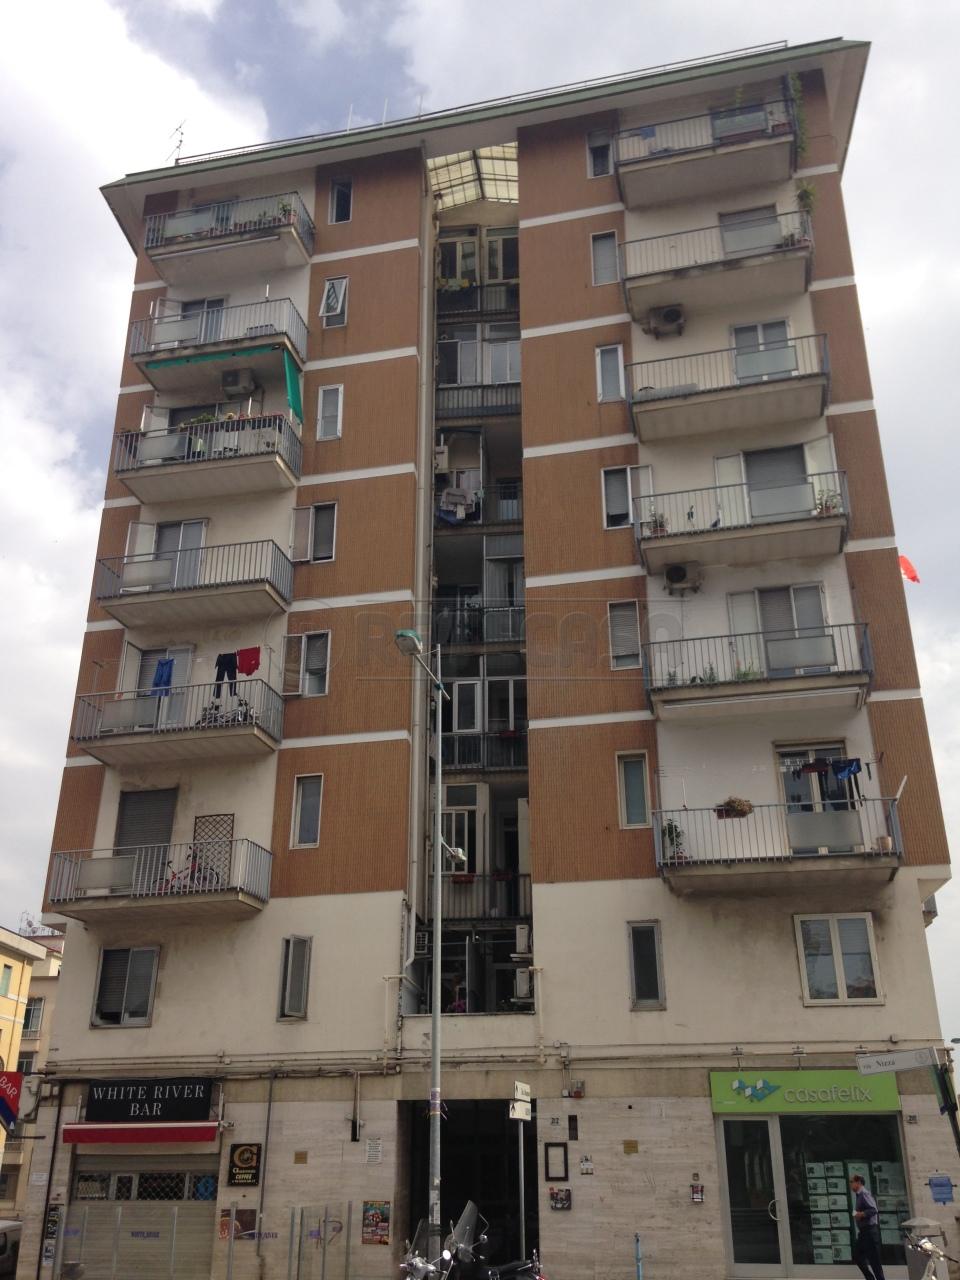 Bilocale Salerno Via Nizza 212 1
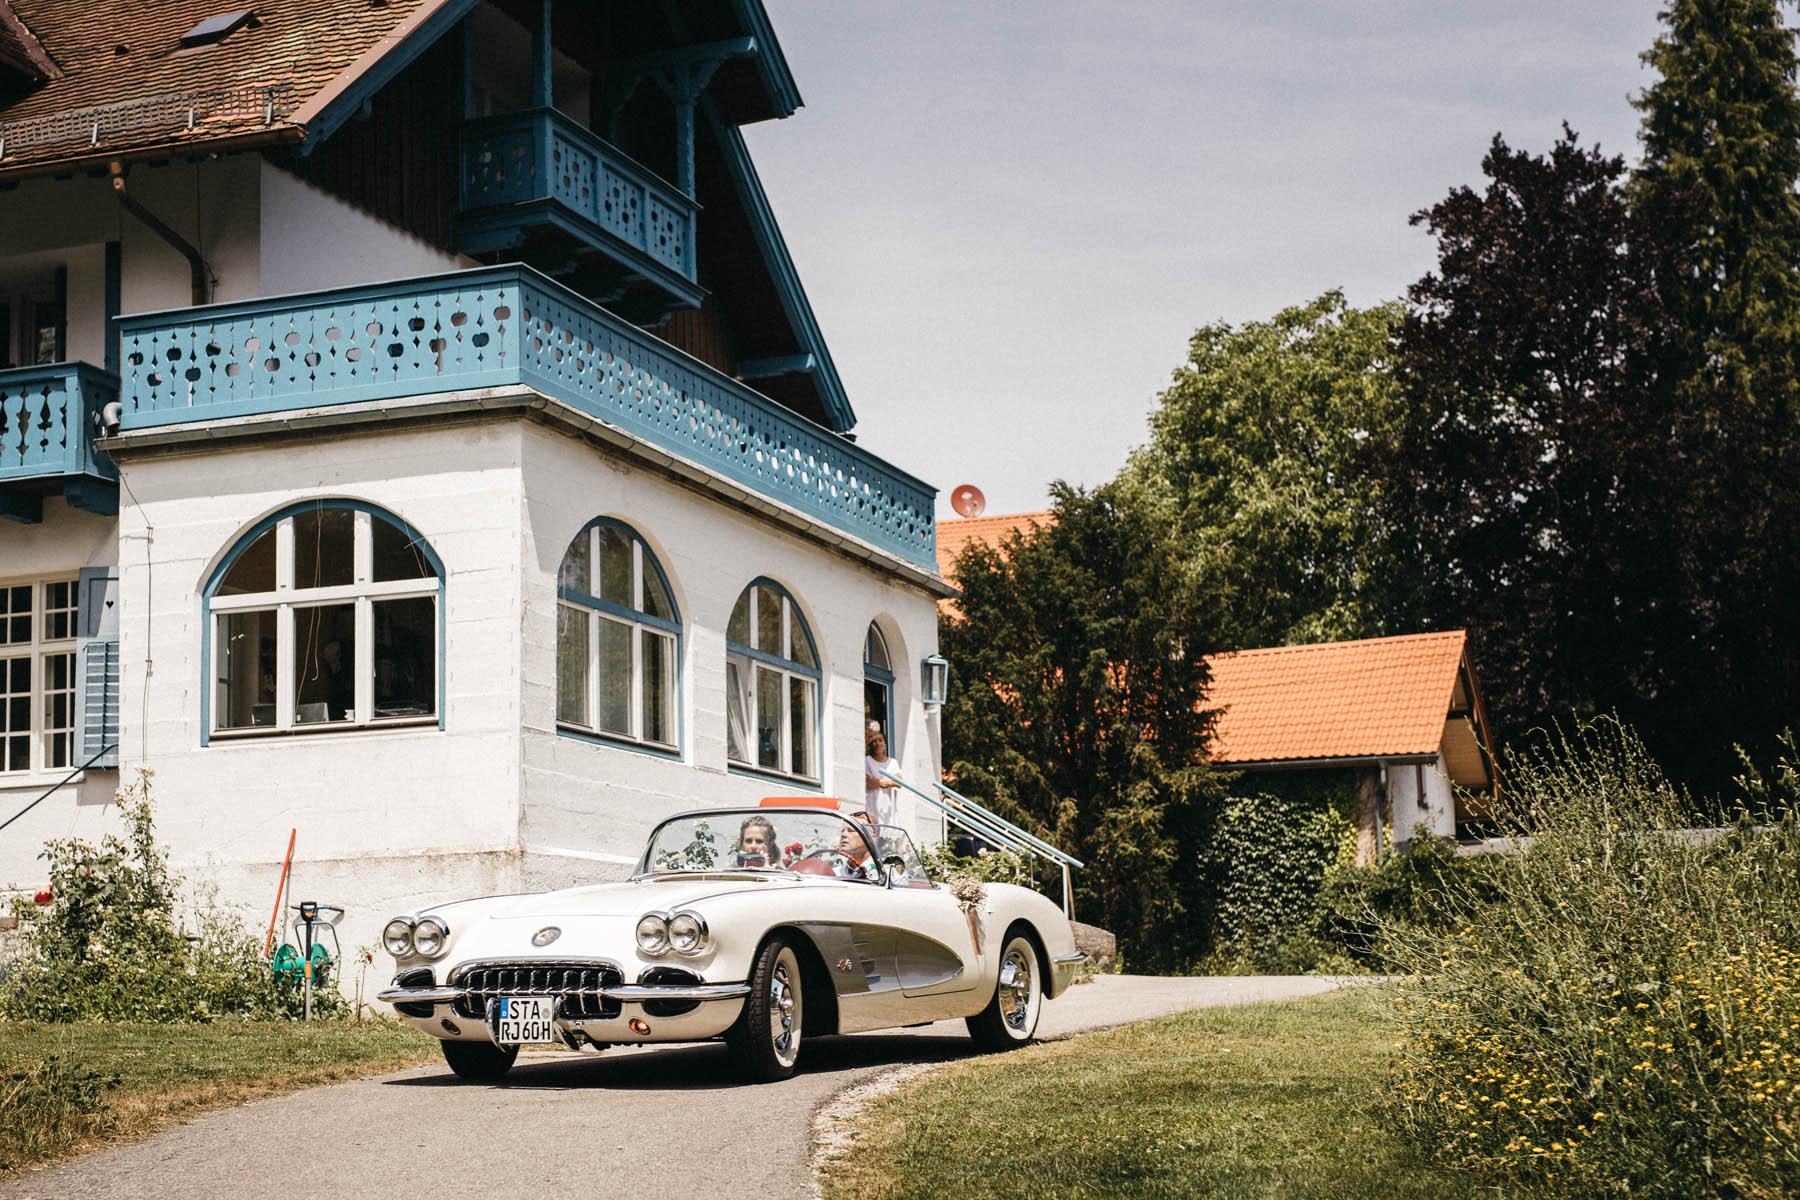 raissa simon fotografie hochzeit vintage starnberger see la villa 049 - Patricia + Maximilian
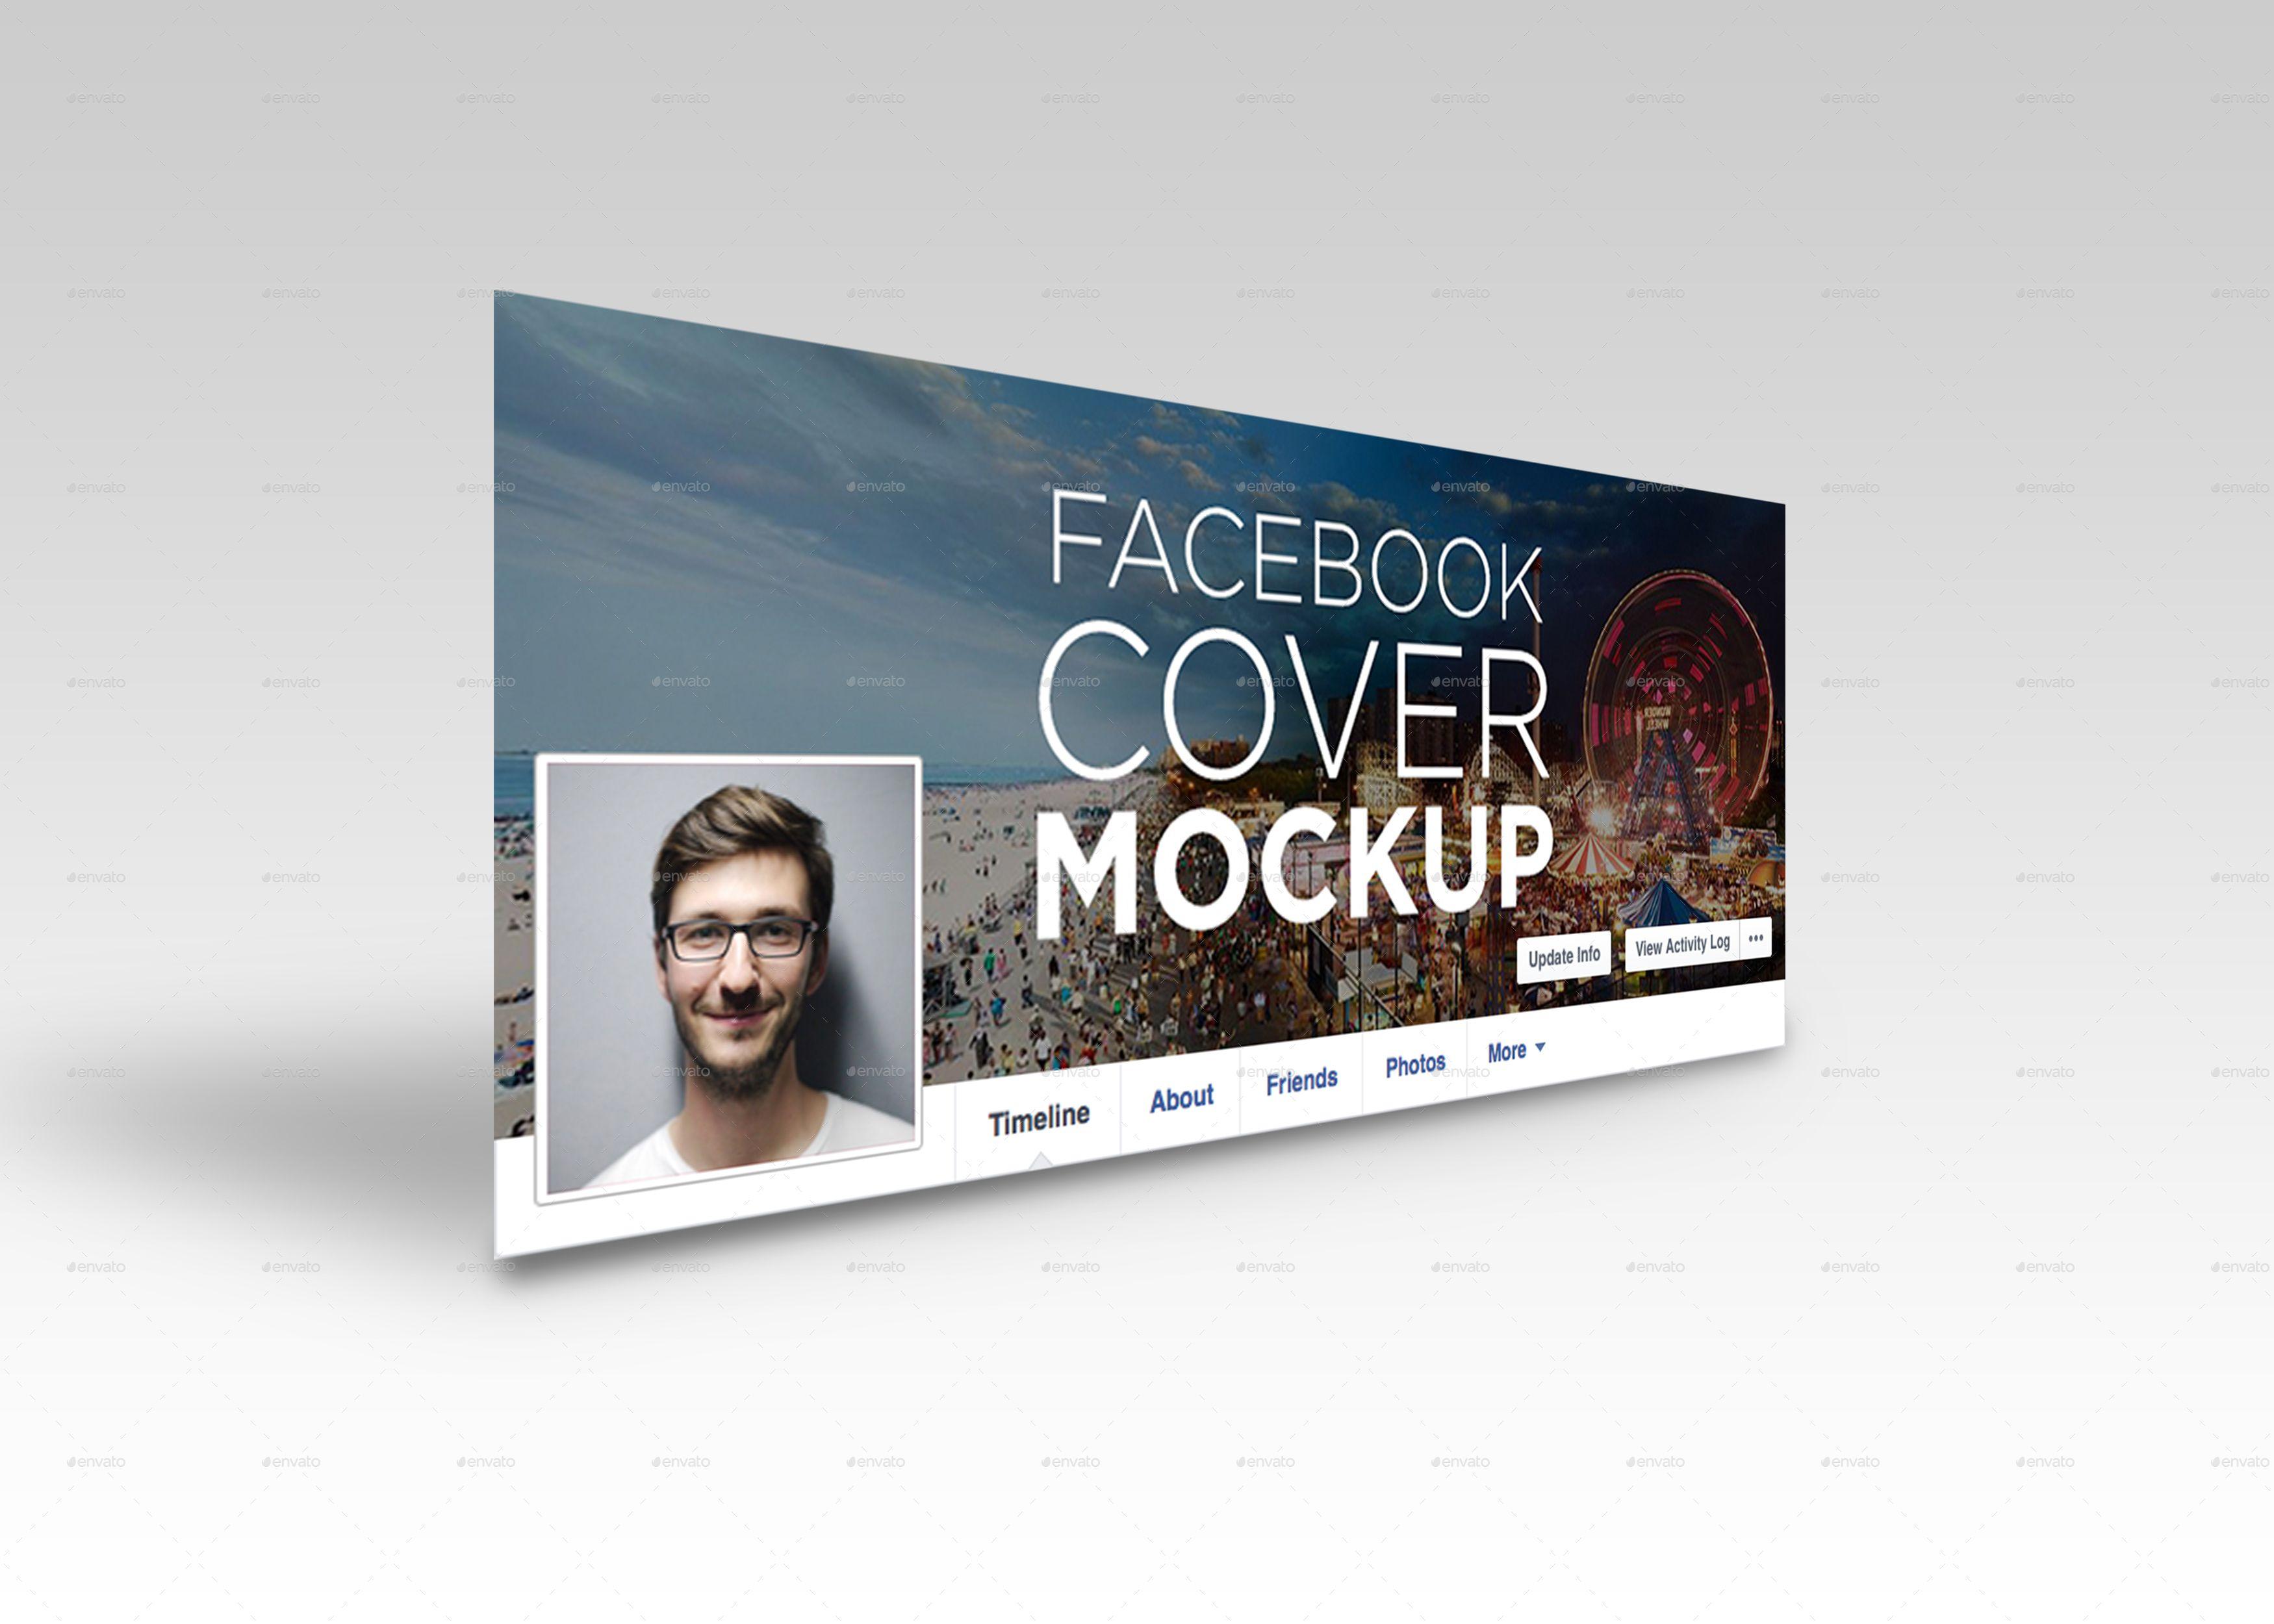 Facebook Cover Mockup Facebook Cover Facebook Timeline Covers Mockup

Task details — Exactly as written, set down the lines from the line holding "raissa simon fotografie" to the last line of the data, both ends included, pictures excluded.

The completed task —
 raissa simon fotografie hochzeit vintage starnberger see la villa 049 - Patricia + Maximilian
 Facebook Cover Mockup Facebook Cover Facebook Timeline Covers Mockup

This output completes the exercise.